Laird Barron provides another piece which probably tips more into horror than fantasy with Proboscis. Ray, keen to kick start his TV career, tags along with his ex-brother-in-law Cruz on a bounty hunting trip. The capture is tough and gets messy after that anyway, depressed by these events he isn’t thrilled when Cruz takes a detour for a little known tourist attraction and drink. However when he makes his own way to the attraction after an argument and as night falls, he starts to become uneasy, there is something in the darkness.
Yoon Ha Lee’s Eating Hearts has parallels to Eugie Foster’s in that they both have that traditional oriental myth feel. Eating Hearts is a little more “fantastic” than Foster’s “ghost story” though. A young woman, Horanga is after the perfect magician, and Chuan is the latest in her strings to find one. Their conversation is a little flirtatious, as they spar over definitions of magic and of perfection. Chuan proves something of his ability, discerning along the way that there is more to Horanga and her search than initially evident. A tricky little story. Followed by the brief and dream like Dancing In The Light of Giants, contributed by Jay Lake, a little girl dances for her elders. Young and full of life she dances for the giants, knowing one day she will be one of them.
Kelly Link is a tricky and master of the short story, and Monster is certainly a good example of what she is capable of. School camp, and the boys of Bungalow 4 are running out of time to do their camp out. They are rather reluctant to do so, especially after Bungalow 6 claim to have encountered a monster when they were camping out. Monster is filled with the fun and games of child hood, the pecking order, the kids who are being bullied, the experience of summer camp. Which is all good and well, and lots of fun, but when the boys go out, they are unprepared for what they encounter.
At The End of The Hall by Nick Mamatas is a hard one to pin down. A woman lies old and weary in a hospital bed, life hasn’t quite worked out as well as she had hoped, her family are something of a disappointment. Lying there her head is full of thoughts, of the giant robots from the cover’s of her brother’s science fiction magazines when they were kids, to the power of wishes. All her life she has resisted making wishes, not because she doesn’t believe in the power of the wish, but because she has seen so many wishes frittered away on silly things. Here and now, perhaps it is time, at last for her to make a wish?
To a degree Summer Ice by Holly Phillips is the least genre orientated of the entire collection, and it does beg the question of how it qualifies to be in a fantasy collection at all. Though it certainly has a charm, and I enjoyed it more than some of the more blink and you miss it pieces that are included. Manon has just moved to a new city, taken on as a young instructor at the art school.
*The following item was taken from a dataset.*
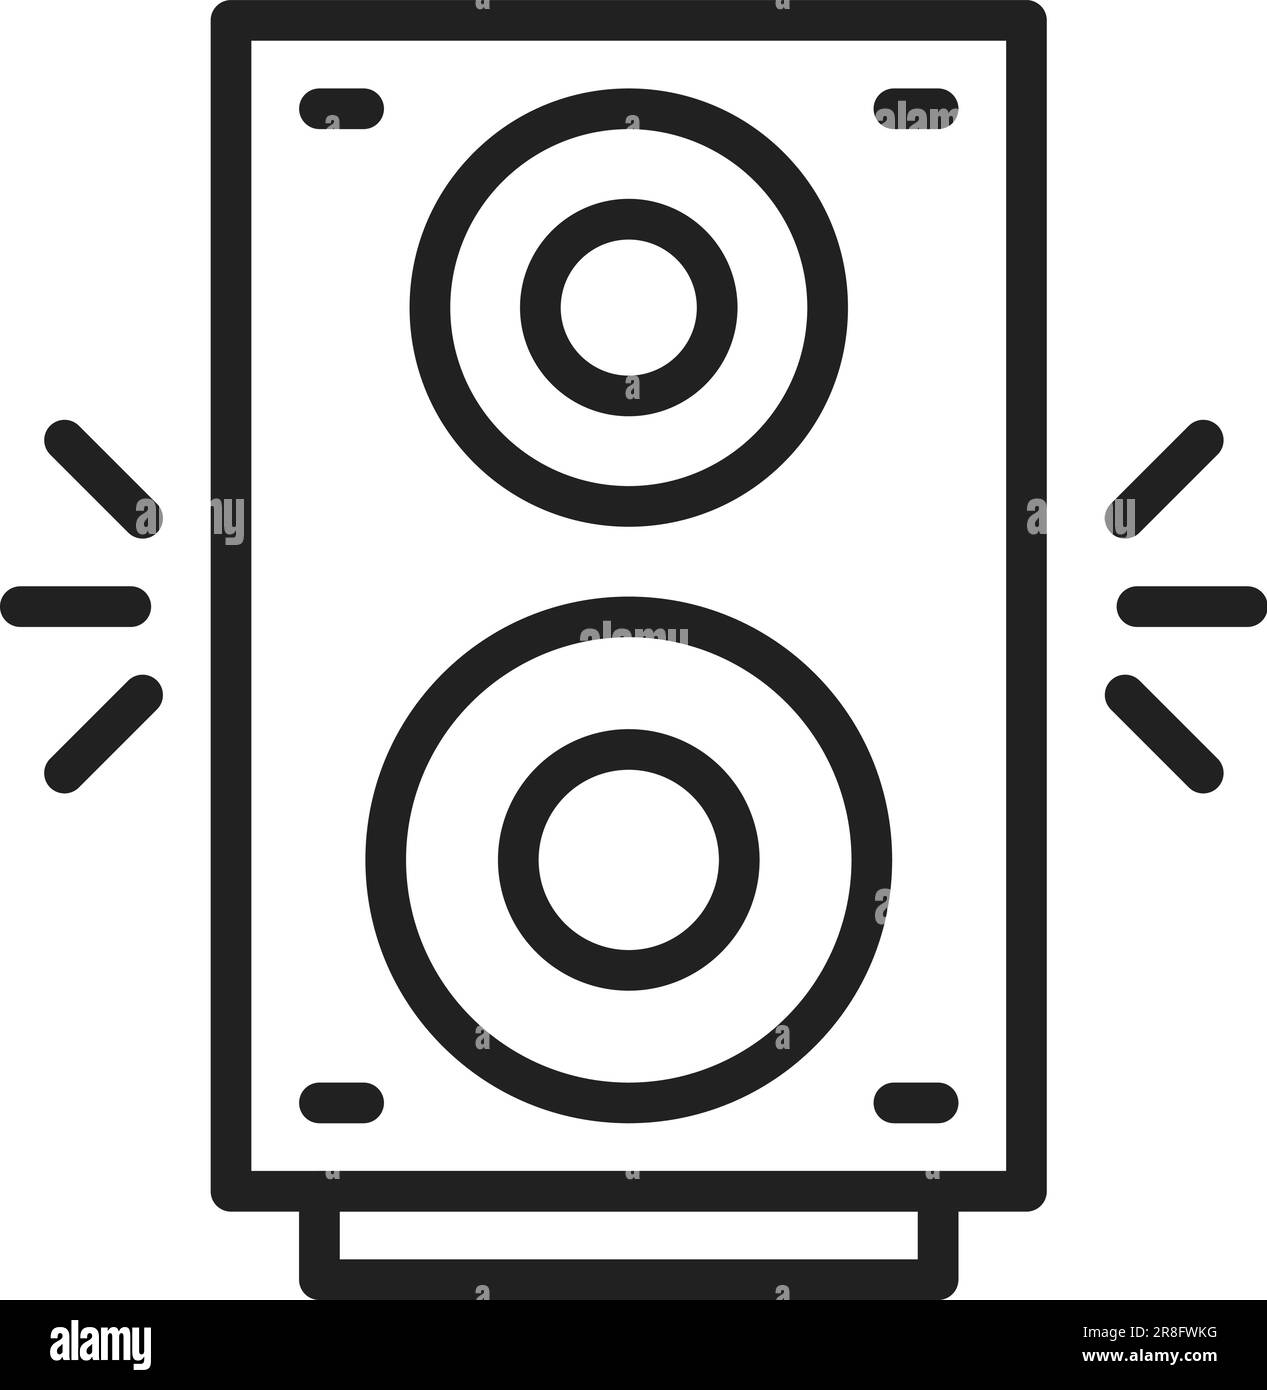 Image de l'icône du haut-parleur Image Vectorielle Stock - Alamy

She has been given praise for her talent, but she is less than confident about that, let alone actually knowing how to teach other young people to become artists. She keeps herself busy, works with the other residents of the block of flats on the new roof garden their land lord has allowed them to have, works with a volunteer group in the community to clear waste ground. But it is in the ice cream shop that she visits as often as she can, tempted by the sweet treat in the hot weather, that she finally starts to become inspired.
In reflection I think I would pick out My Father’s Mask, The Farmer’s Cat, The Language of Moths, The Dybbuk in Love, Monster and Summer Ice as the stand out stories, those which I enjoyed the most in this collection.